- _Exercise directions_:
When you copy the material below, keep every line exact and drop the pictures.

- _Dataset section_:
=== Section Start ===

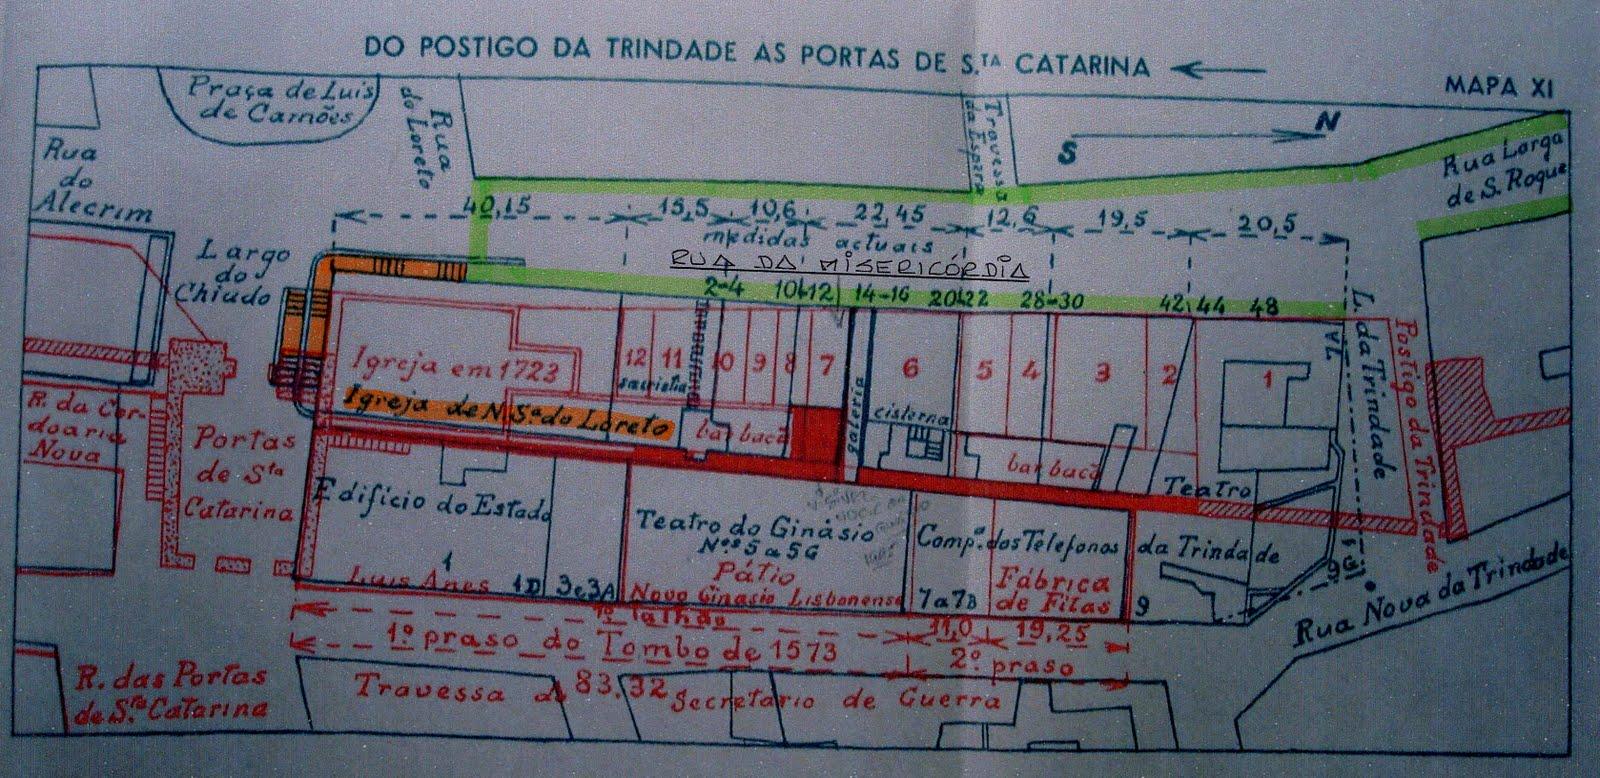 rua da misericordia lisboa mapa RUAS DE LISBOA ALGUMA HISTÓRIA: RUA DA MISERICÓRDIA [ I ] rua da misericordia lisboa mapa
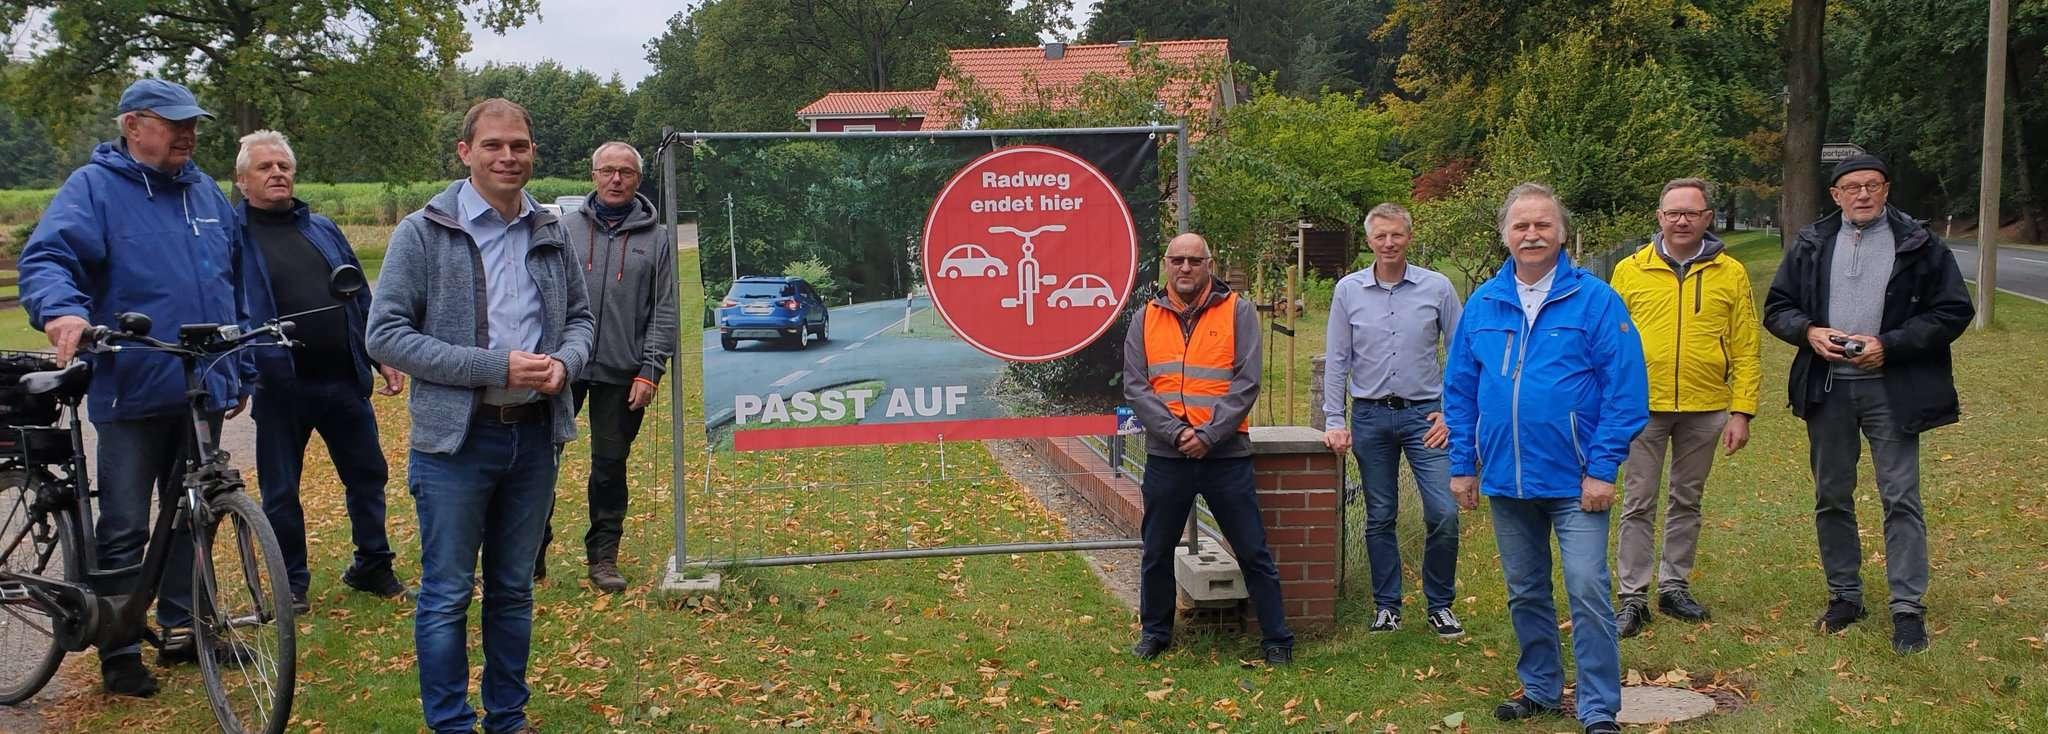 Die Aktivisten der Initiative stellten gemeinsam mit Eike Holsten (dritter von links) in Jeddingen ein neues Plakat vor.
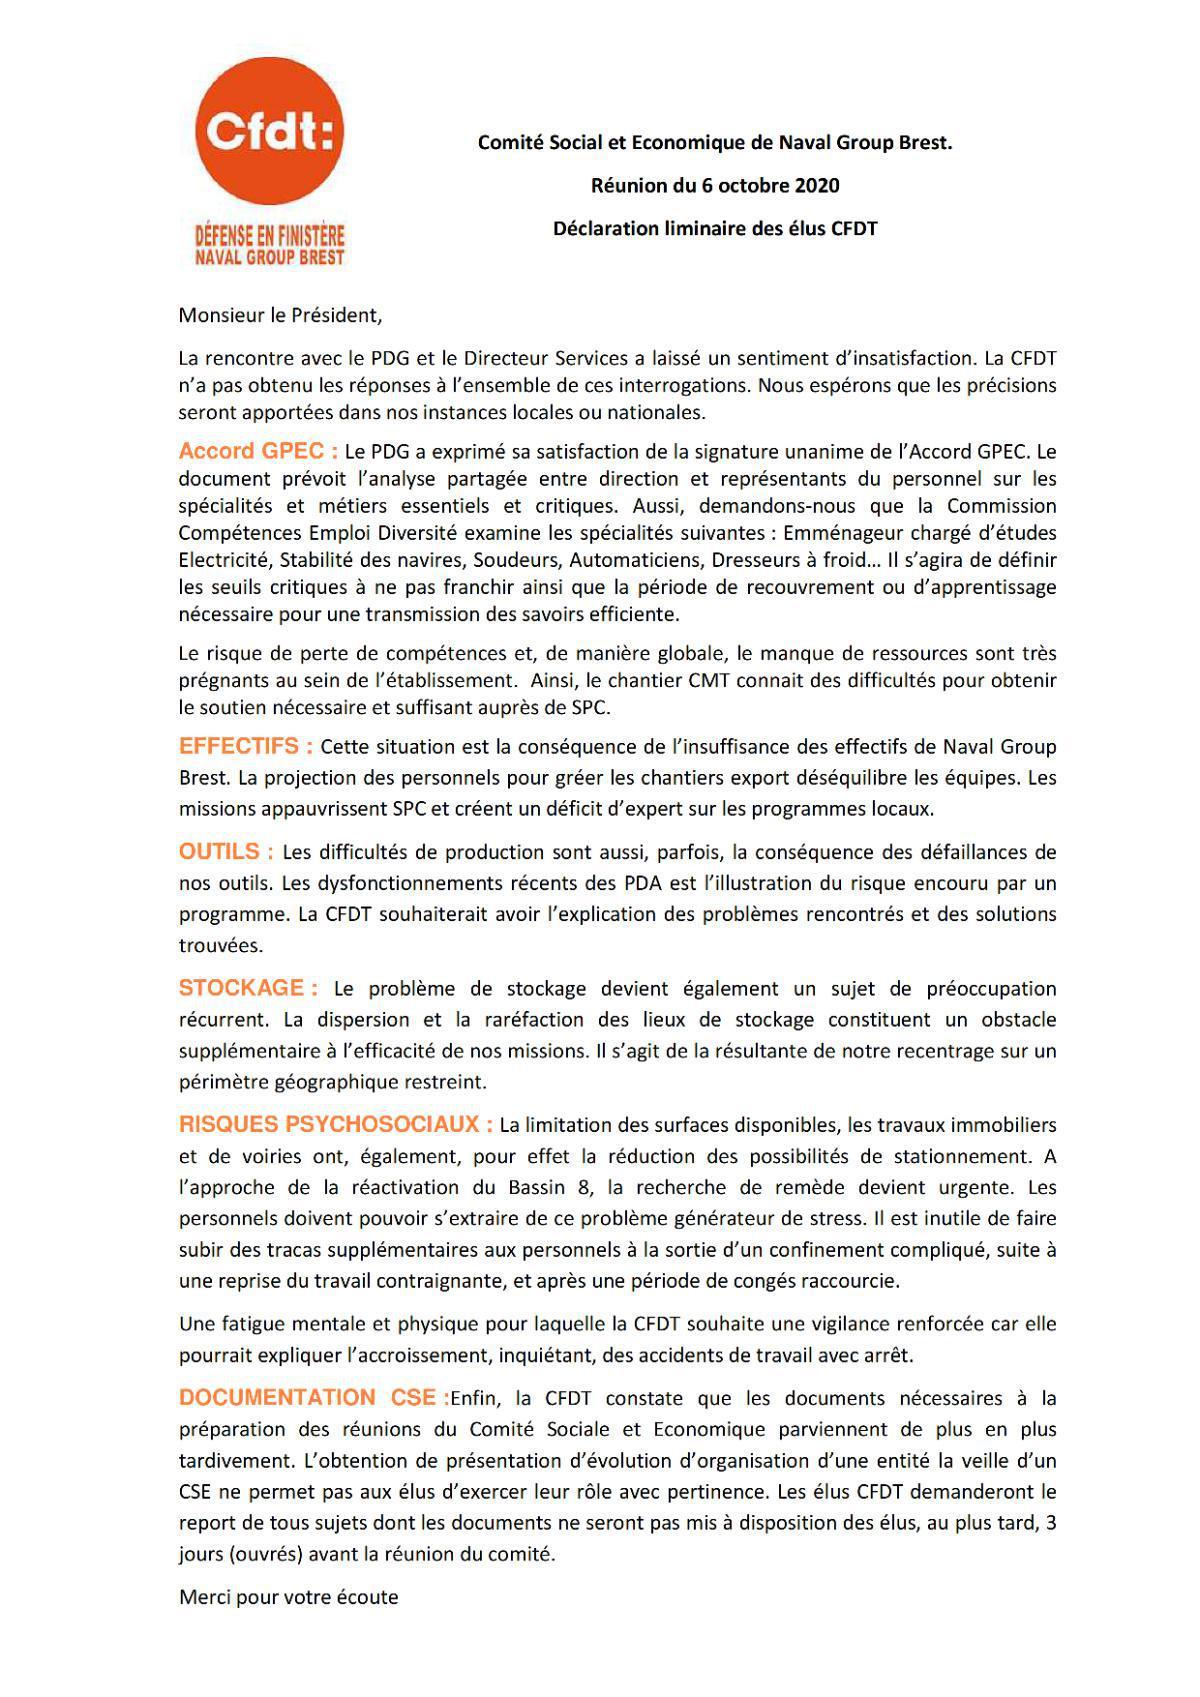 Déclaration Liminaire CSE Brest du 6 octobre 2020
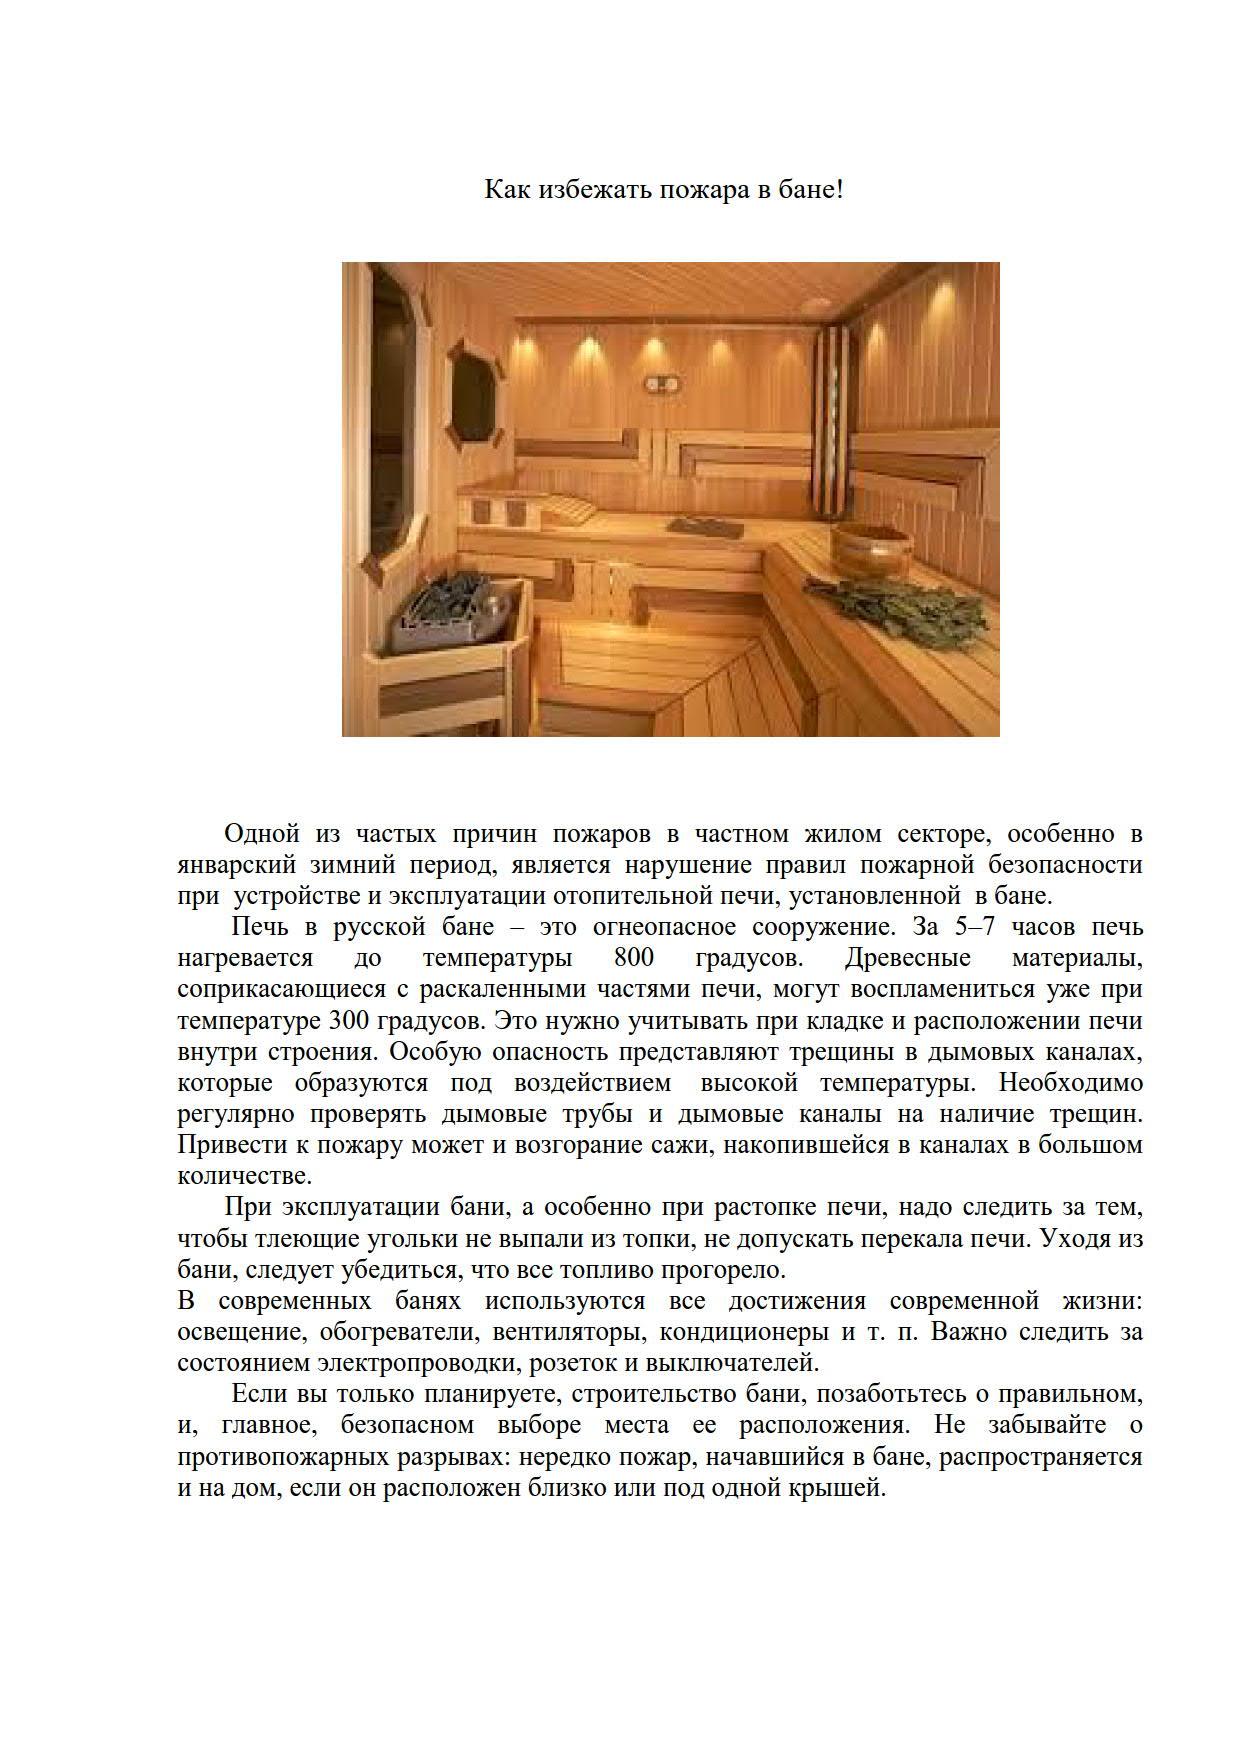 Памятка баня_1

=== Section End ===

- _Written response_:
 rua da misericordia lisboa mapa RUAS DE LISBOA ALGUMA HISTÓRIA: RUA DA MISERICÓRDIA [ I ] rua da misericordia lisboa mapa
 Die Aktivisten der Initiative stellten gemeinsam mit Eike Holsten (dritter von links) in Jeddingen ein neues Plakat vor.
 Déclaration Liminaire CSE Brest du 6 octobre 2020
 Памятка баня_1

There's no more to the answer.